На самом деле ответить на эти вопросы не так просто. Если сказать, что в моем конфликте с обществом виновато общество, получается: все кругом меня не правы — один я прав. Ясное дело, я выходил сумасшедший. А что сказать насчет убеждений? Кто-то из ребят привел пример Ленина, который тоже был в конфликте с обществом и ради своих убеждений попал в ссылку. Но для психиатра это не объяснение, и все, что получишь в результате такого ответа, — запись в истории болезни: «Страдает манией величия, сравнивает себя с Лениным». Как ни крути, любой нормальный искренний ответ лишь доказывает твою болезнь. А уж если говоришь о преследованиях КГБ, мания преследования неминуема. И даже, когда меня под конец спросили, считаю ли я себя больным, мой отрицательный ответ тоже ничего не доказывал: какой же сумасшедший считает себя сумасшедшим?

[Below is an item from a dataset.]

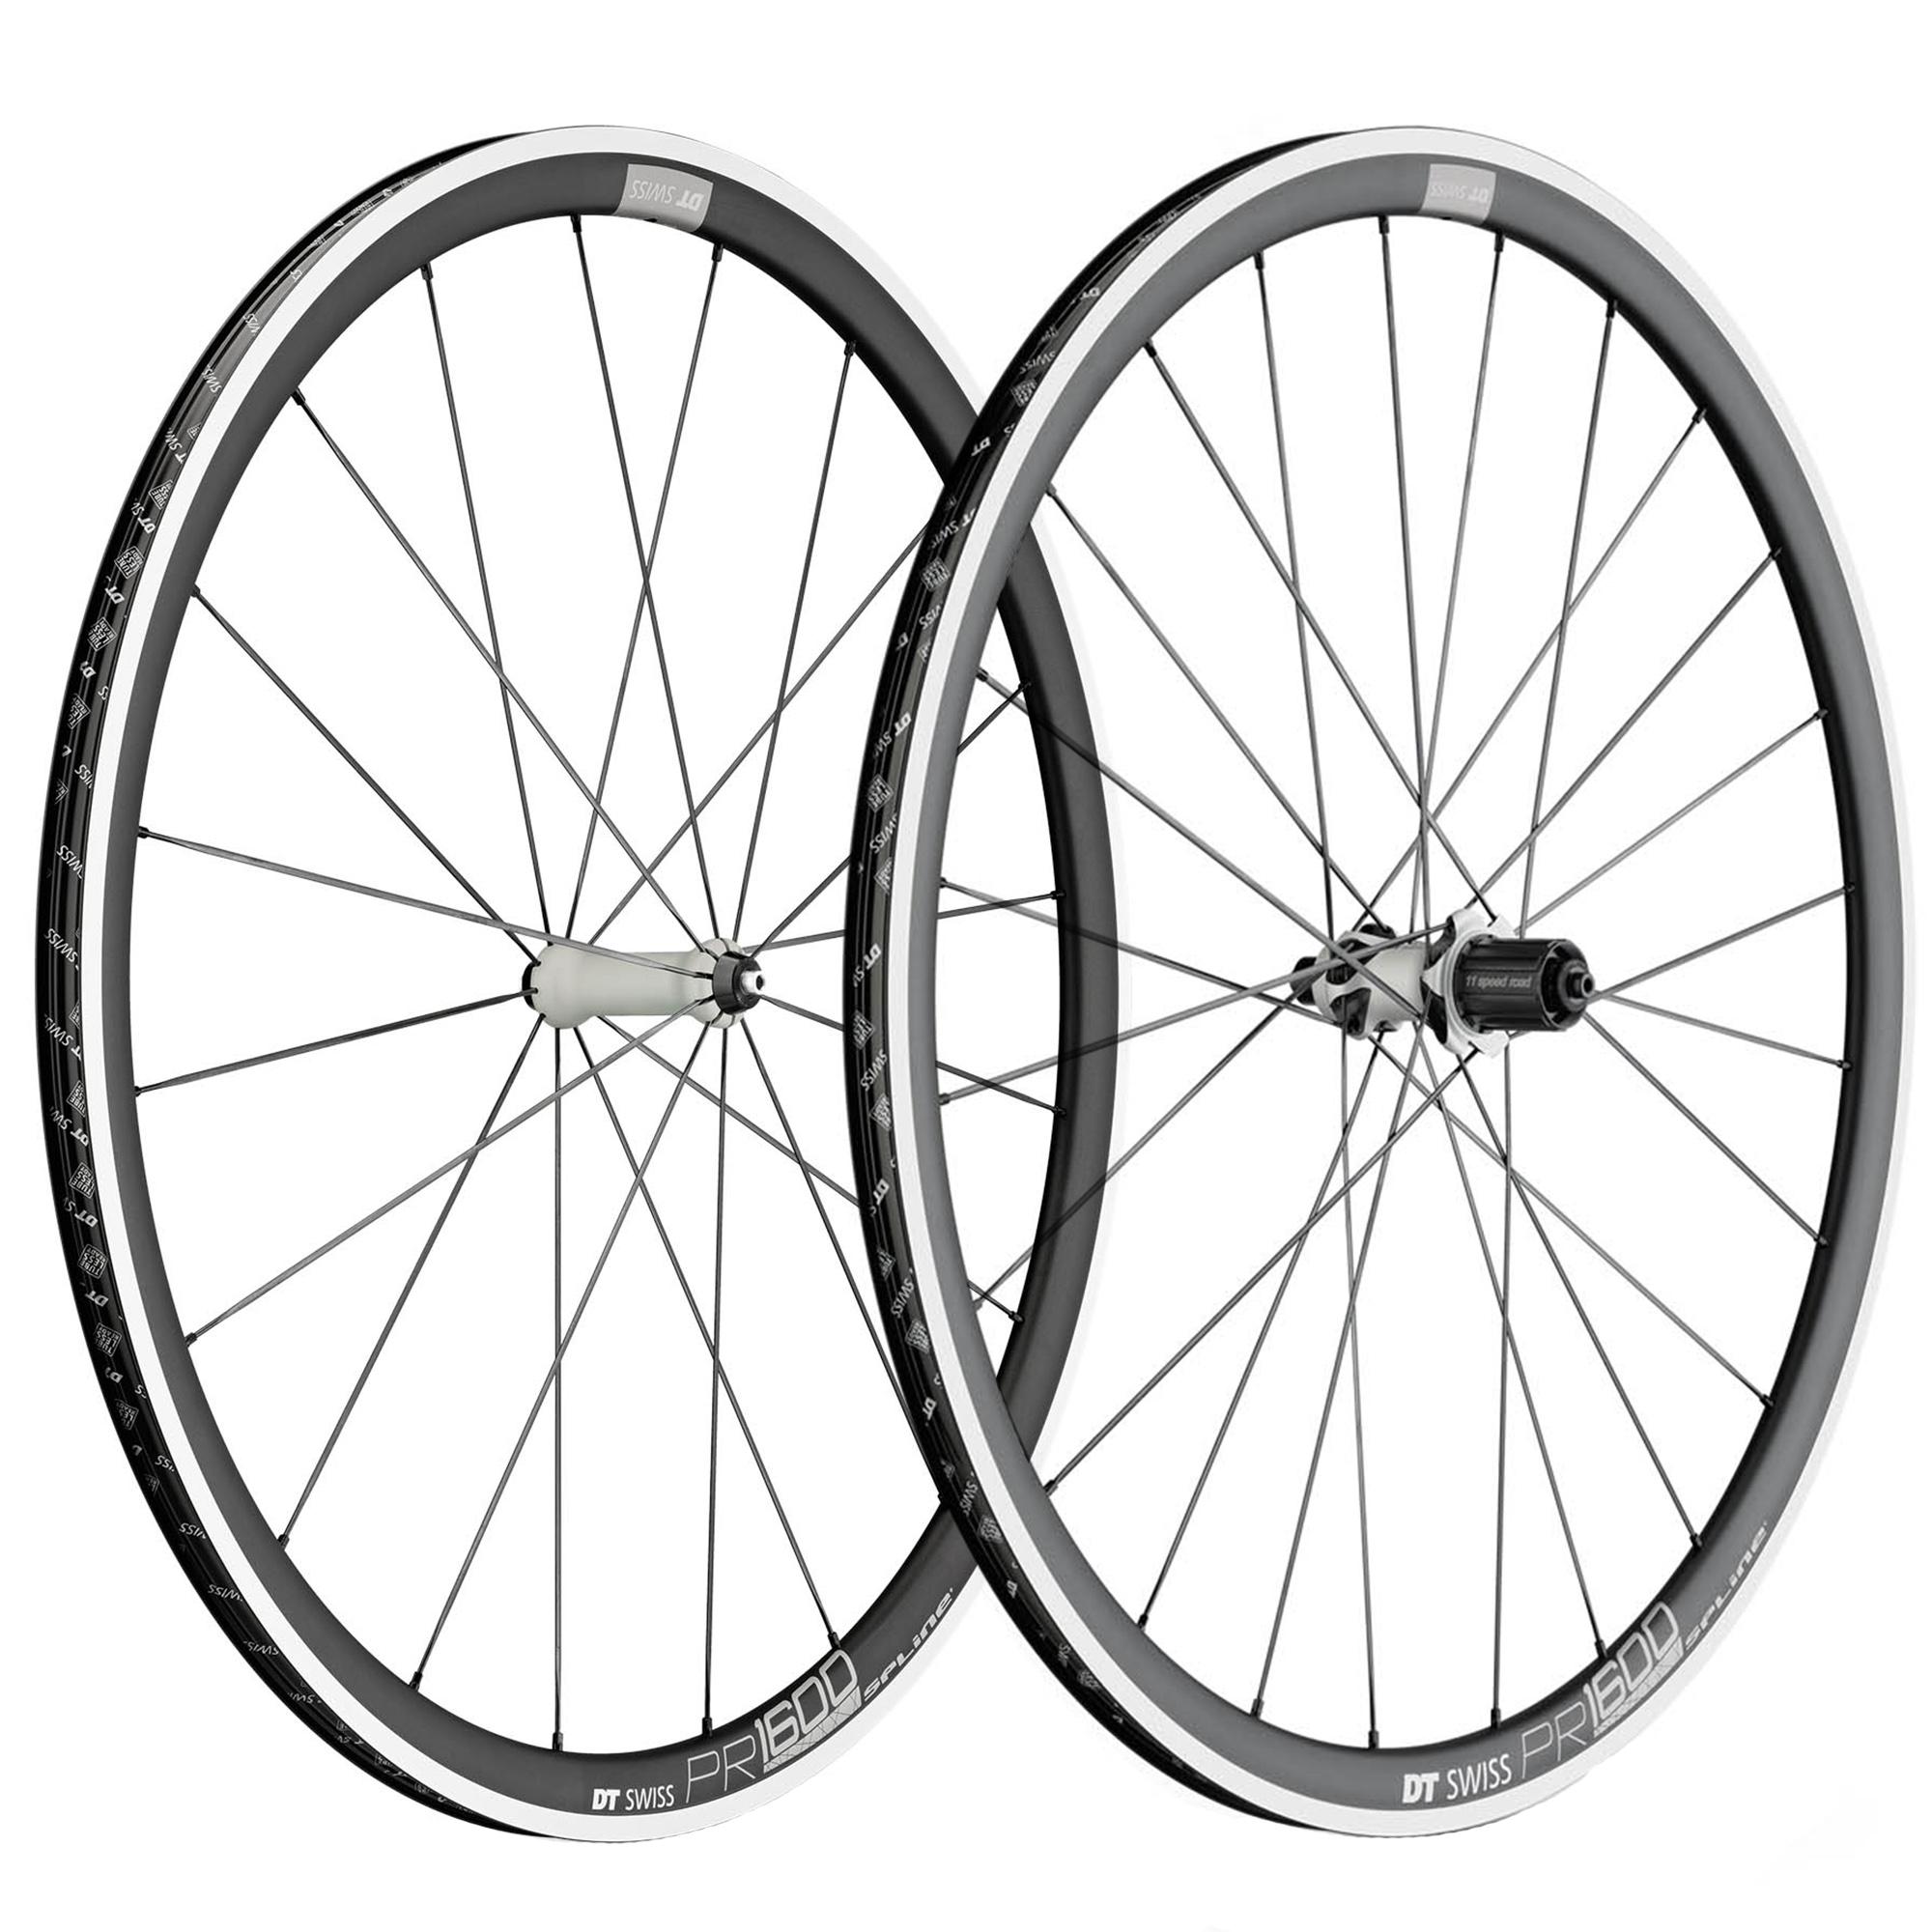 DT Swiss PR 1600 Spline 32 Clincher Road Wheelset - 700c

Мы же еще больше облегчали задачу врачам, сами того не понимая, потому что вели самую веселую жизнь в своем политическом изоляторе в четвертом отделении Института Сербского. После стольких месяцев камерной жизни и полной лефортовской изоляции видеть сразу столько единомышленников, привезенных со всех концов страны, обмениваться новостями, анекдотами и шутками было просто праздником. Каждый рассказывал о своем деле, о друзьях, о планах, и многим даже в голову не приходило, что старухи санитарки все это мотают на ус и докладывают врачам. Я, помнится, забавы ради пересказал ребятам книжку о хиромантии, которую прочел перед арестом, и только потом узнал, что это тоже оказалось симптомом моей болезни. Затем один из ребят, Серега Климов, объявил голодовку по каким-то своим причинам. Его не изолировали несколько дней, и он продолжал лежать в той же камере, где мы все ели за столом. Наконец мы возмутились и тоже объявили голодовку полным составом, потребовали его изолировать, чтобы он не мучился, глядя, как мы едим. И эта наша голодовка тоже оказалась симптомом болезни.

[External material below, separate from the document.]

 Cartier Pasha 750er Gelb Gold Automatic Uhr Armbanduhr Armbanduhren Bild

Впрочем, мы нисколько не боялись оказаться психами — напротив, были этому рады: пусть эти дураки считают нас психами — вернее, наоборот, пусть эти психи считают нас дураками. Мы вспоминали все книги о сумасшедших: Чехова, Гоголя, Акутагаву и, конечно же, «Бравого солдата Швейка». От души хохотали над врачами и над самими собой.

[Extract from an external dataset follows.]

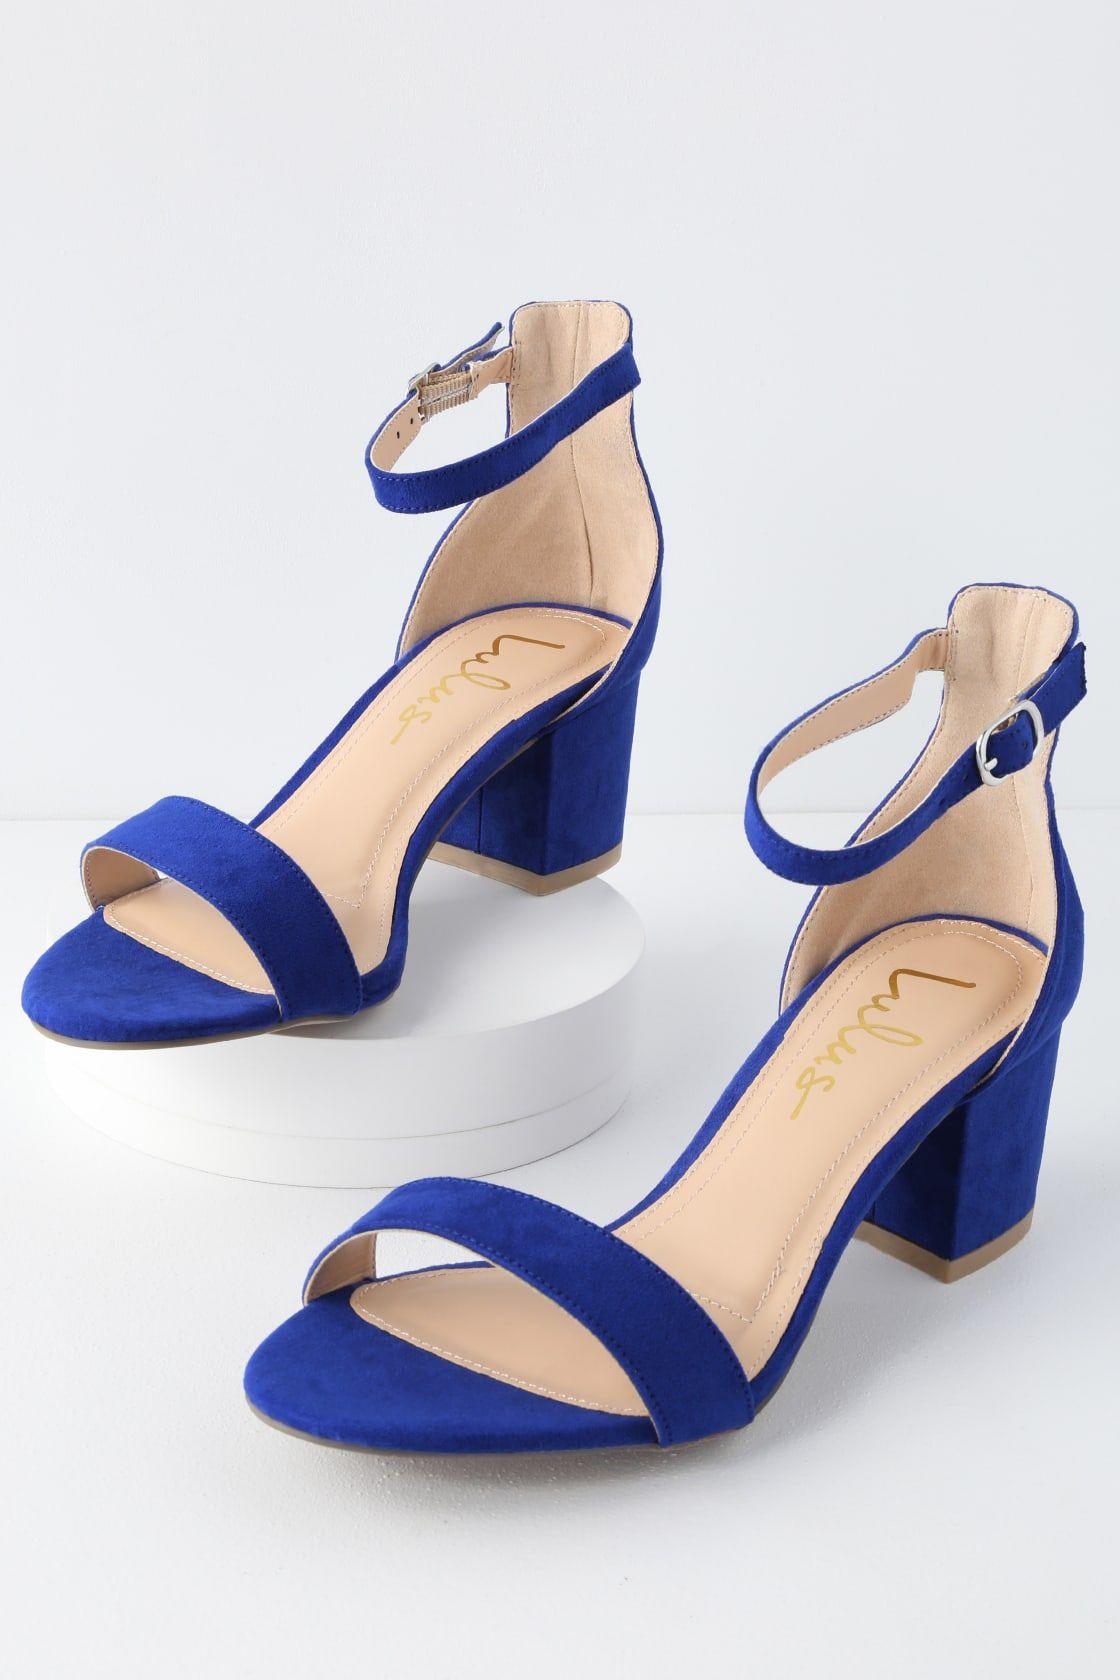 613057ae25 Harper Cobalt Blue Ankle Strap Heels in 2019   Blue shoes   Heels ...

Только один из нас — Аркадий Синг — воспринял все это трагически. Он был индус по происхождению, но с детства жил в СССР, в Свердловске. Работал инженером. Лет двадцать не мог он получить квартиру и ютился с женой где-то в подвале. Наконец, совершенно потеряв терпение и надежду, он сделал плакат «антисоветского содержания» и с ним пошел к обкому партии. Вокруг него собралась большая толпа: кто сочувствовал, кто просто любопытствовал узнать, что выйдет. Толпа росла, и получилось уже что-то вроде демонстрации. Власти заволновались, вежливо пригласили Аркадия войти в обком, дружески побеседовали, обещали дать квартиру, а затем вывели через черный ход, посадили в машину — якобы чтоб не возбуждать толпу — и отвезли прямо в тюрьму КГБ.